Eventually, the federal government can sell these rights to clean power plants that need to connect to the line because they are online.
This is a promising policy tool, “just add a zero to the budget line,” Jenkins said.
Despite the shortage of funds, the proposed infrastructure bill does solve the problem of approval.
A long-term challenge in many regions of the United States is that power generation capacity and energy demand are growing faster than the transmission systems needed to support it. People and companies want cheap, reliable electricity, but few people accept the necessary transmission towers and wires—especially if they seem to mainly deliver electricity and economic benefits to remote areas. Often aesthetic, Environmental and social justice And criticism of business competition.
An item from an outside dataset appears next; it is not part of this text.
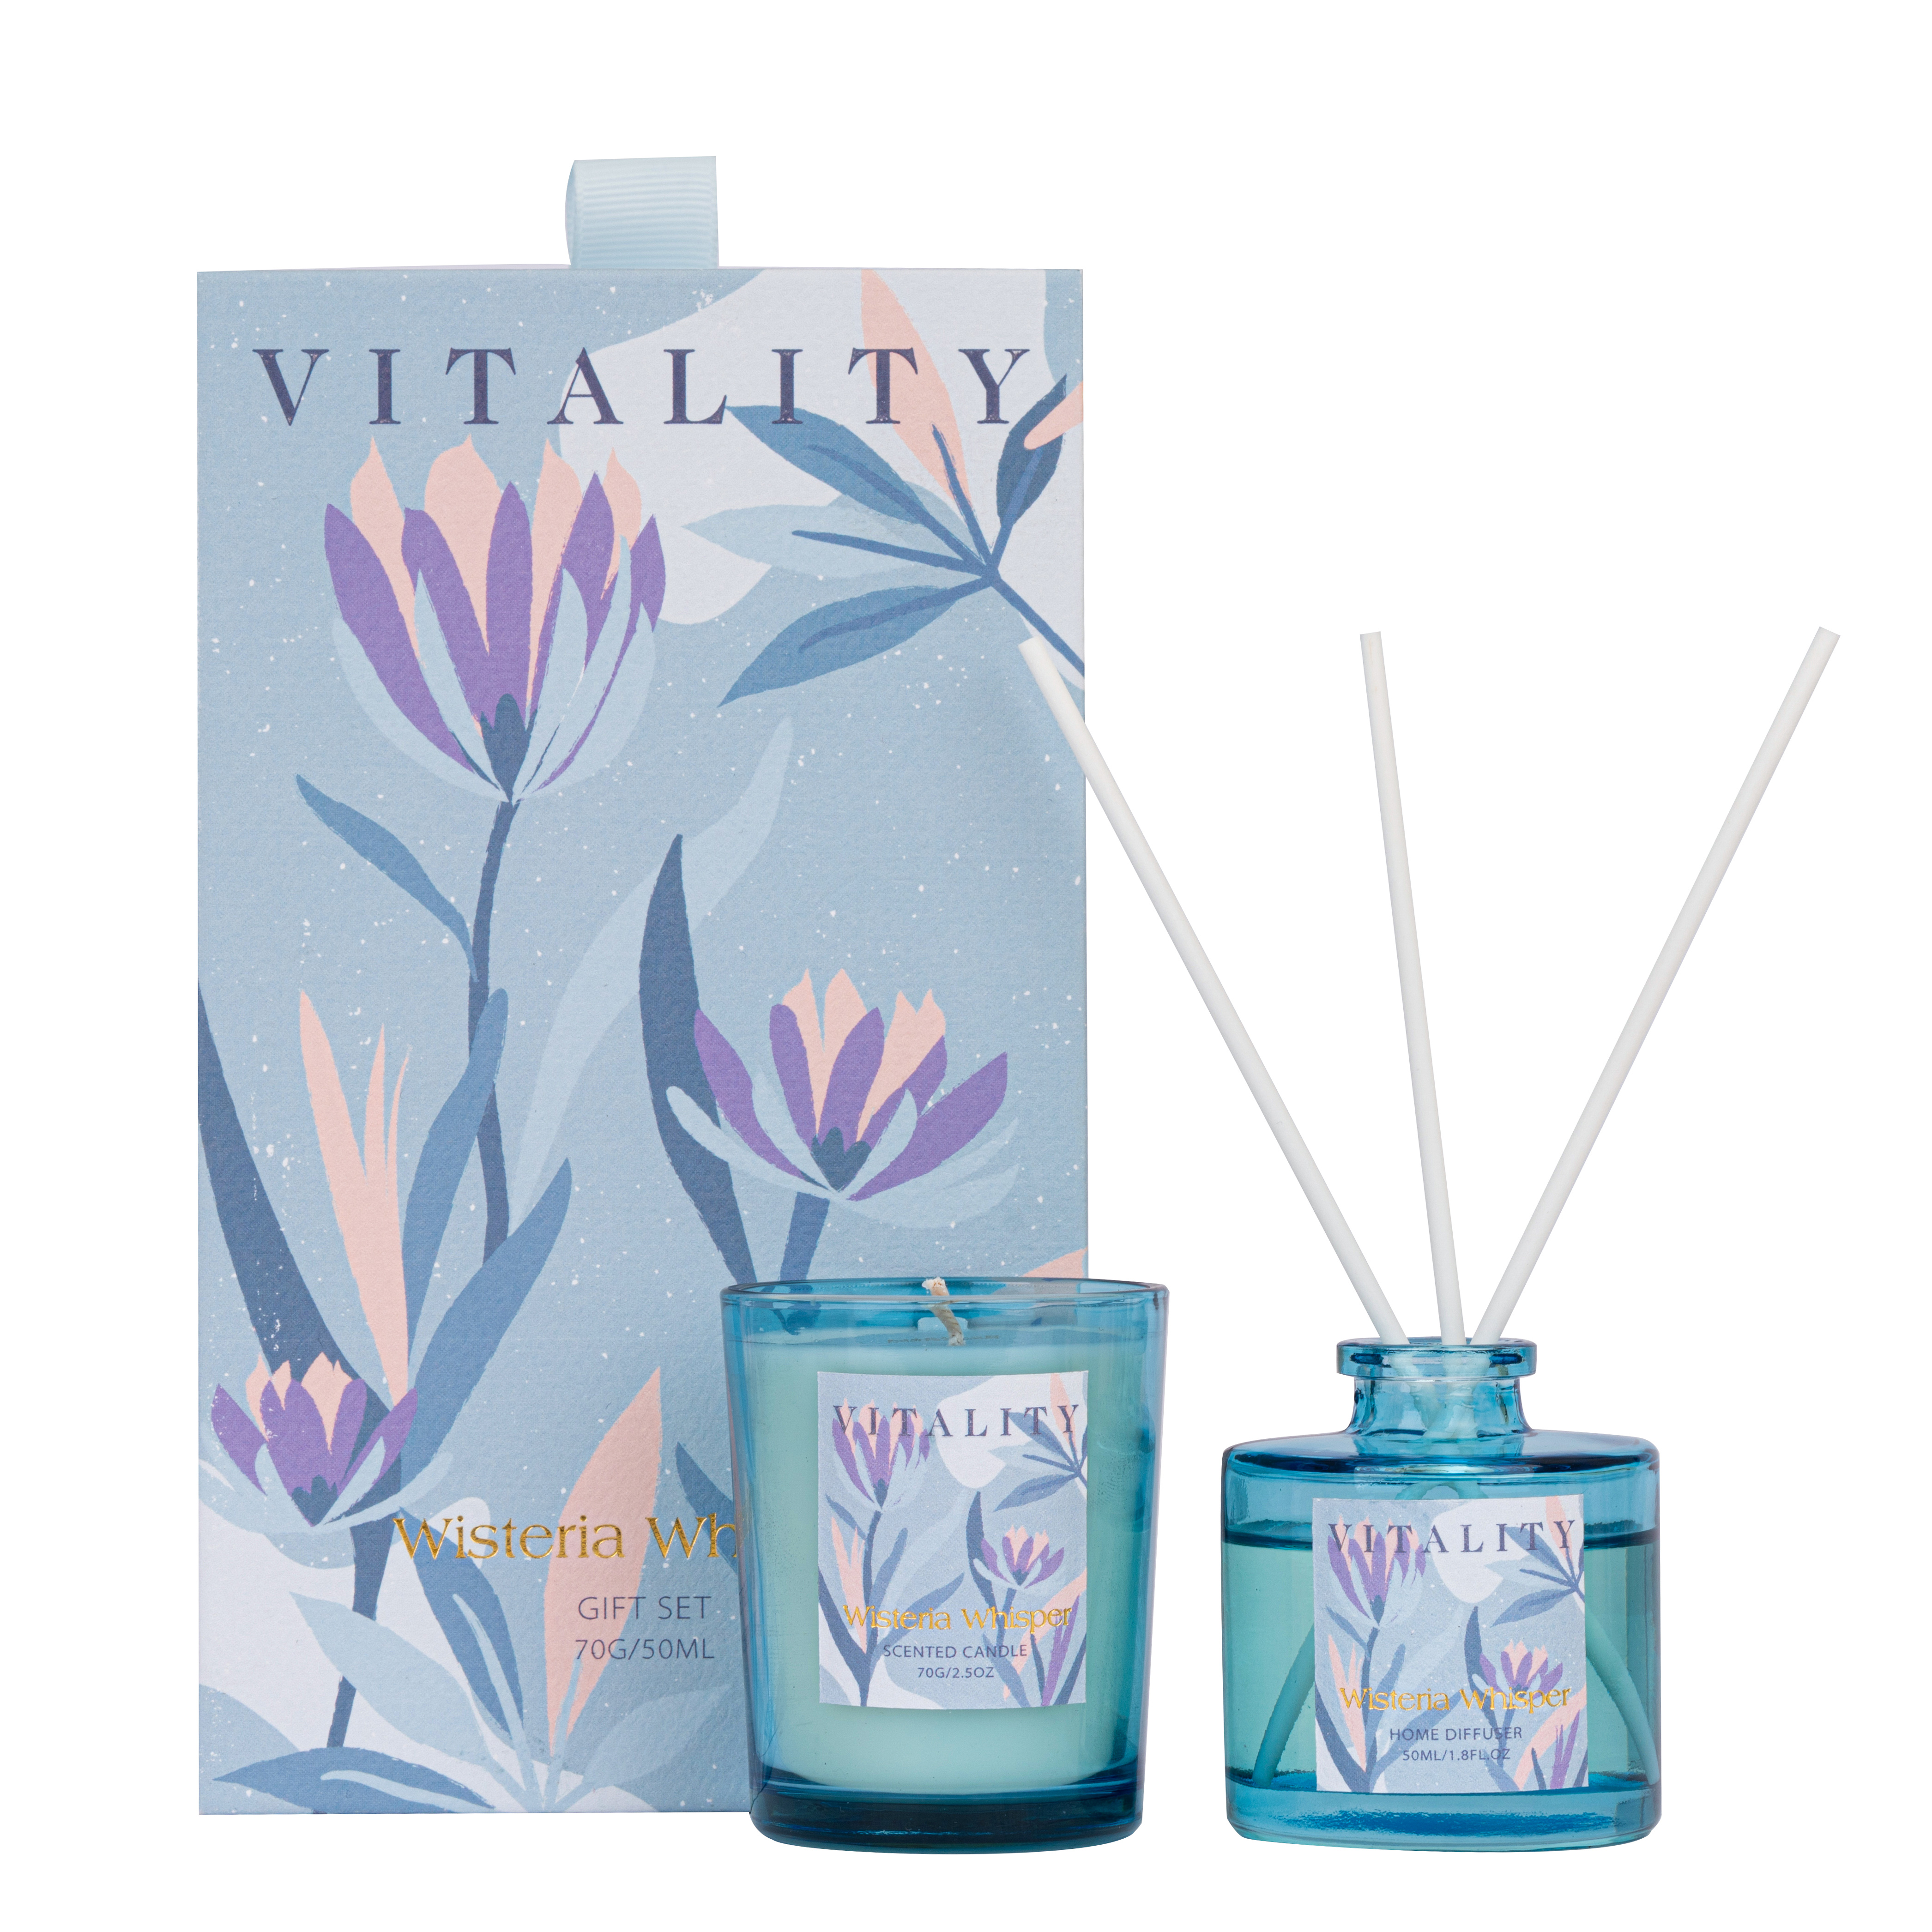 KNIT&WOVE Collection Wisteria Whisper 70g/50ml Blue Scented Candle And Blue Reed Diffuser

“If we are to achieve our climate goals, we must find a way to approve these large transmission projects – and historically, we have been trying to do so,” said Lindsey Walter, Deputy Director of Third Way Climate and Energy Programs, Washington, DC One of the center-left think tanks, in an email.
The 2005 Energy Law attempts to resolve these tensions, granting Federal Energy Regulatory Commission (FERC) can intervene and sign projects that can ease transmission restrictions in certain areas known as the National Power Transmission Corridor. But so far, the Department of Energy has only designated two such areas, in the Mid-Atlantic and Southern California.
In addition, the Federal Court of Appeals Ultimately restrict FERC’s permissions, Found that it has the right to sign the project only if the state or other jurisdiction puts the application on hold for more than one year. The court ruled that it was unable to veto the state’s refusal of the application in accordance with the law.